Je ne vous parlerai pas des réseaux sociaux (c’est-à-dire de la haine en ligne) dont le rôle n’est que trop mis en évidence. Je reviendrai plutôt à l’humour. Je vais vous présenter mes vœux à la manière d’un président du Fenua qui serait un disciple du milliardaire qui appauvrit l’Amérique.
« Chères et chers Mā’ohi,
J’ai eu cette après-midi une excellente conversation avec les présidents des diverses académies du Fenua. Ils partagent tous mes convictions sur tous les sujets. Vous savez que si tel n’était pas le cas, ils seraient virés immédiatement. J’ai aussi eu un entretien, détestable cette fois-ci, avec les responsables de l’Institut de la statistique. J’ai vérifié que tous les chiffres qu’ils donnent sur la démographie et sur l’économie sont faux, archi-faux comme disait un de mes prédécesseurs. Des fakes ! Je vais transférer l’Institut dans une aile de ma présidence et nous établirons désormais ensemble les vrais chiffres. Je vous raconte tout ça pour vous rassurer. Sous mes rênes, le Fenua va bien, mieux qu’il n’a jamais été dans notre histoire millénaire. Il faudra que vous expliquiez aux rares journalistes qu’on trouve encore dans notre Pays les bienfaits de mon administration et vous les convaincrez de les publier plutôt que de les laisser cracher leur abominable venin. Faute de quoi, je les dénoncerai à la Justice et réclamerai plusieurs centaines de millions de notre monnaie pour préjudice moral. Mon épouse ne dort plus depuis qu’elle lit leur tas d’immondices.

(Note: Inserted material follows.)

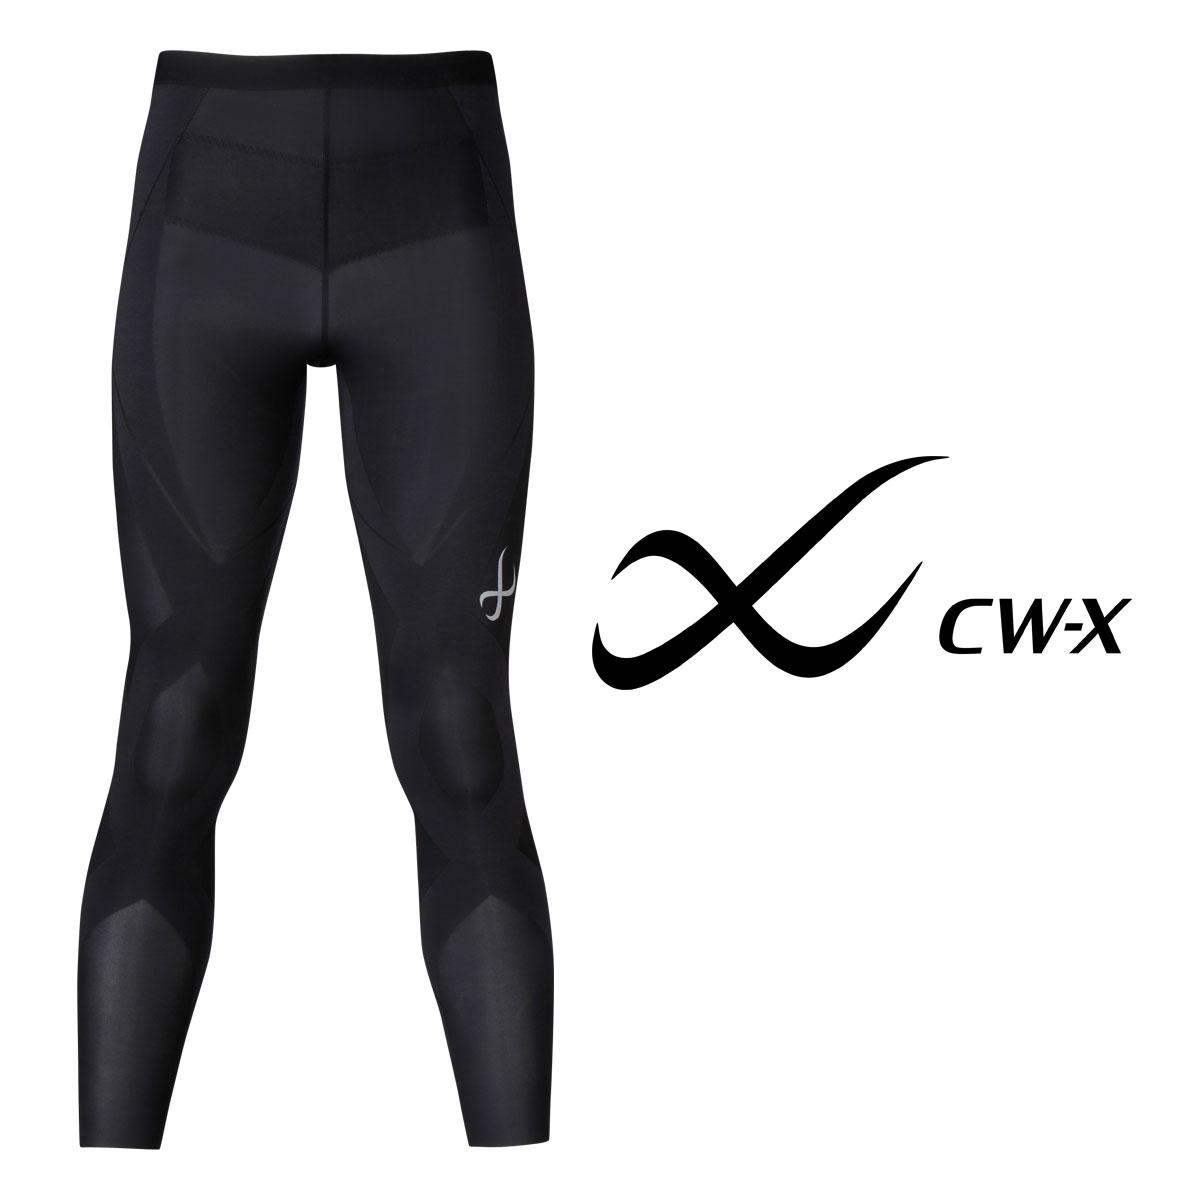 【25%OFF】ワコール CW-X スポーツタイツ ジェネレーターモデル ロング メンズ 全3色 S/M/L HZO699
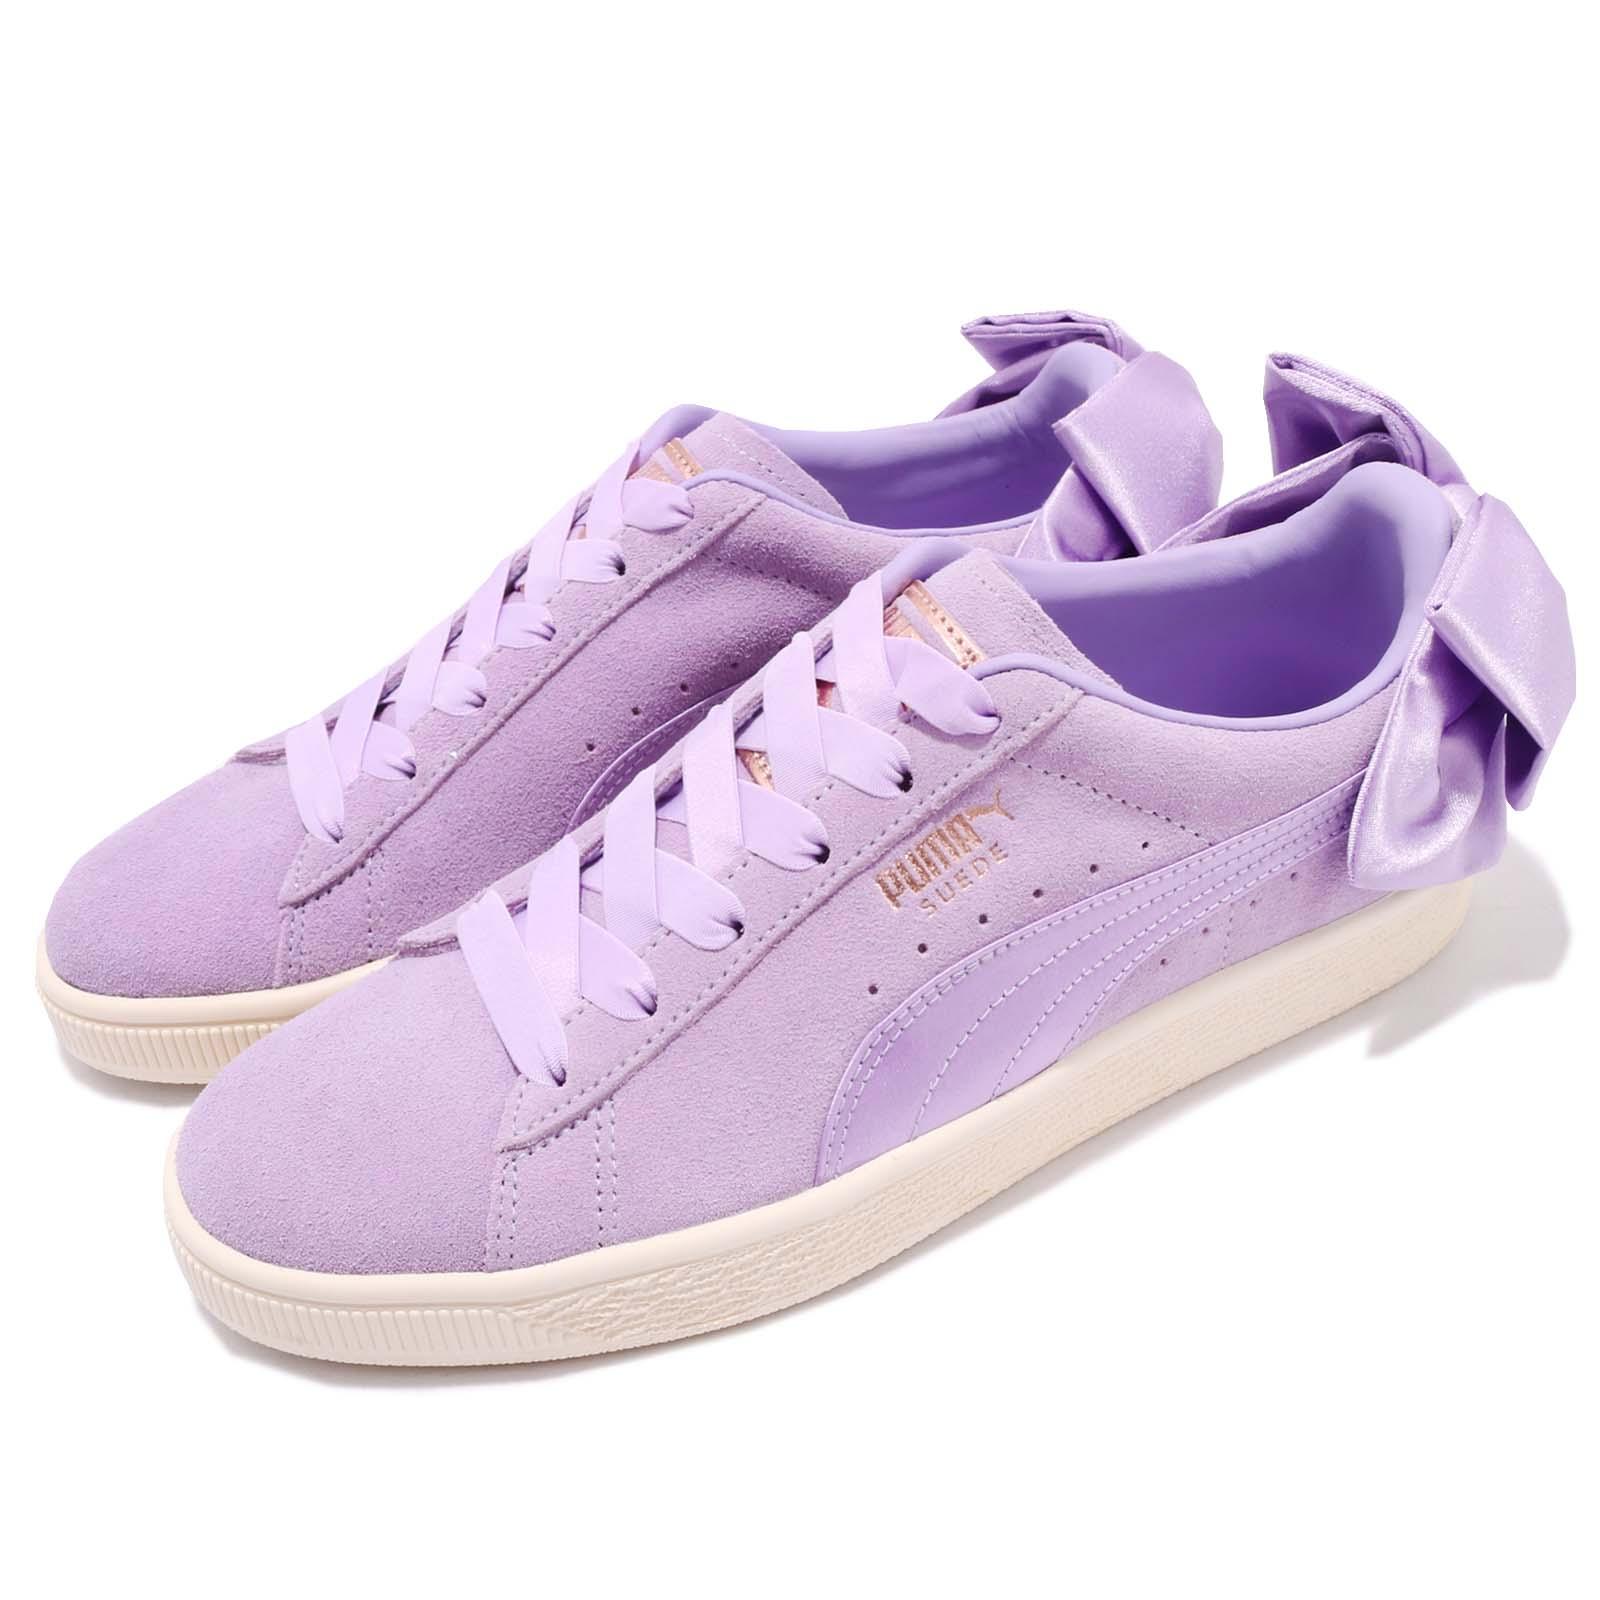 Puma 休閒鞋 Suede Bow 浪漫紫 女鞋 36731705

En 2026, je vais régler le problème de la démographie mā’ohi. Les vahine nous donnent de moins en moins d’enfants. Certains mettent en cause une baisse de la virilité masculine ! Conneries ! D’autres accusent l’alimentation fournie par les fastfood. Il est sûr qu’après avoir ingéré un volumineux burger, la libido se met aux abonnés absents. Mais la véritable raison, c’est que les vahine ont bien compris que leur rejeton aura du mal à trouver un emploi le temps venu, la faute à tous les descendants de colons qui affluent chez nous pour prendre les emplois. Aussi, vais-je intensifier la lutte contre l’immigration pour redonner de l’espoir aux jeunes parents.
Hier, j’ai acheté une boîte de punu puatoro pour le chat de ma petite-fille. La commerçante m’a dit le plus grand bien des travaux entrepris pour faciliter l’accès aux plages. J’ai vu en elle les qualités que devraient avoir toutes les vahine.
Alors que l’heure approche qui va nous faire basculer dans une nouvelle année, je tiens à souhaiter à tous les Mā’ohi une excellente année 2026. Pourtant j’avais hésité à exprimer ce type de vœux, puisque grâce à la politique que je mène, l’année ne peut qu’être bonne. Mais il faut de temps en temps respecter les traditions. Quant à tous les non-Mā’ohi, je souhaite, comme vous, que 2026 soit la dernière année qu’ils passent au Fenua.
Nous allons connaître bientôt un Fenua tel qu’il était autrefois avant que de grands bateaux ne viennent apporter la désolation chez nous. Vous aurez compris que bientôt nous n’aurons plus besoin de vaccins, d’automobiles, de smartphones et de champagne quand le Fenua sera redevenu grand.
Donc, excellente année 2026, y compris pour la vermine qui ne comprend toujours pas ma politique.
Ce soir, je rentre à la maison à pied, ce sera bon pour ma santé ».